Окружая всю вершину холма, стояла на его склонах массивная, обвалившаяся в нескольких местах каменная стена. Внутри нее торчали из земли несколько двадцатифутовых каменных столбов, походивших на грозящие небу пальцы. Заметив их, глаз был уже не в силах оторваться от этого зрелища. Они стояли, полные тайны, и никто не знал, в чем смысл их существования. Их было девять, почти все покосились, и только один стоял прямо, а один совсем упал. Столбы были покрыты серым налетом, поросли мхом и разноцветными лишайниками, кроме одного, обнаженного и черного, тускло поблескивающего под лучами солнца. Наощупь он был совершенно гладким, в то время как на остальных под мхом можно было нащупать, а иногда и увидеть таинственную резьбу — знаки, символы. Эти девять каменных столбов и были Гробницами Атуана. Говорили, что они стоят здесь с тех времен, когда Архипелаг поднялся с морского дна. Они были старше Божественного Короля, старше Богов-Братьев, старше самого света. Они были гробницами тех, кто правил миром, когда людей еще не было. Гробницами Безымянных, и у той, что служила им, тоже не было имени.
Нечасто приходила она сюда, и кроме нее никто не входил в пространство за Тронным Залом, окруженное каменной стеной. Дважды в год в полнолуния, ближе к весеннему и осеннему равноденствиям перед Троном приносилась жертва, и она выходила из задней двери Тронного Зала с чашей, полной дымящейся козлиной крови. Половину ее она выливала к подножию стоящего прямо монумента, половину на один из упавших, покрытый ржавыми пятнами прошлых жертвоприношений.
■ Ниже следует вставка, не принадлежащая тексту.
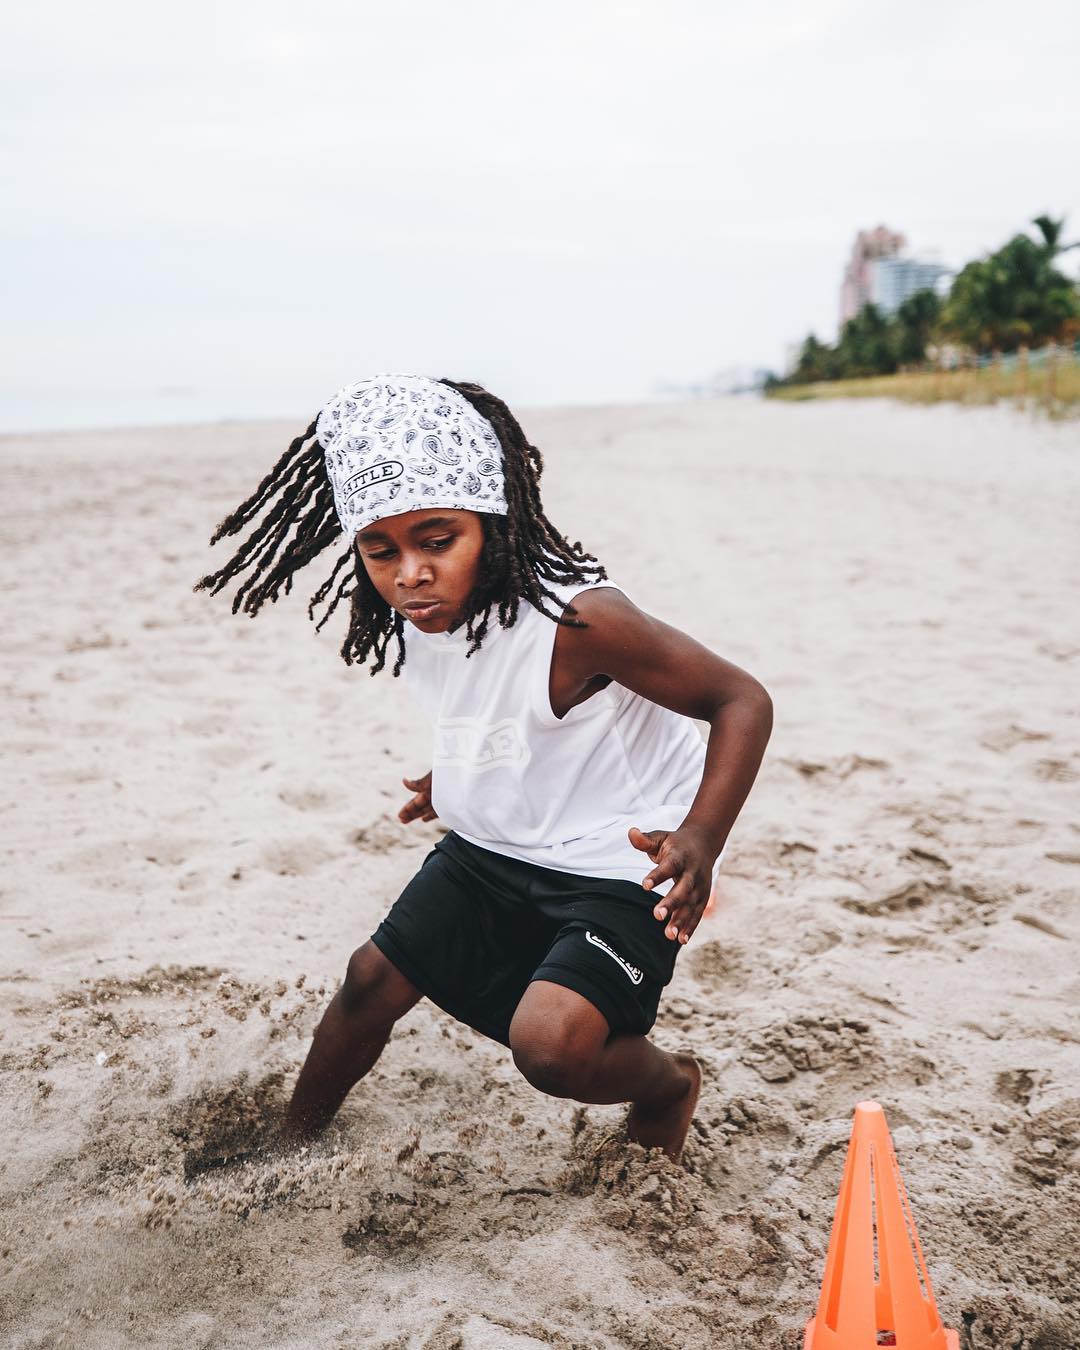 Ona Geleceğin Bolt'u Diyorlar: 7 Yaşındaki Rudolph Ingram 100 Metreyi 13 Saniyede Koşuyor 3

Иногда ранним утром, когда косые солнечные лучи позволяли лучше рассмотреть резьбу на Монументах, Арха приходила сюда и бродила между них, вглядываясь в таинственные символы. Потом она садилась и смотрела на далекие горы, на крыши и стены Места, наблюдая за первыми признаками дневной активности вокруг Большого Дома и в казармах, за стадами овец и коз, которых гнали на скудные пастбища у реки. Среди Монументов нечего было делать, и она шла сюда только потому, что ей это было разрешено и давало возможность побыть в одиночестве. Что и говорить, место было жуткое. Даже в самые жаркие дни пустынного лета здесь чувствовалась прохлада. Ветер свистел между двумя столбами, которые стояли ближе всего и наклонились к друг другу, словно поверяя соседу какую-то тайну.
От стены Гробниц отходила еще одна каменная стена, делая длинный неправильный полукруг вокруг холма и уходя дальше на север, к реке. Она не столько защищала Место, сколько делила его на две части: на одной стороне
— храмы, дома жриц и стражников, на другой — казармы и жилища рабов.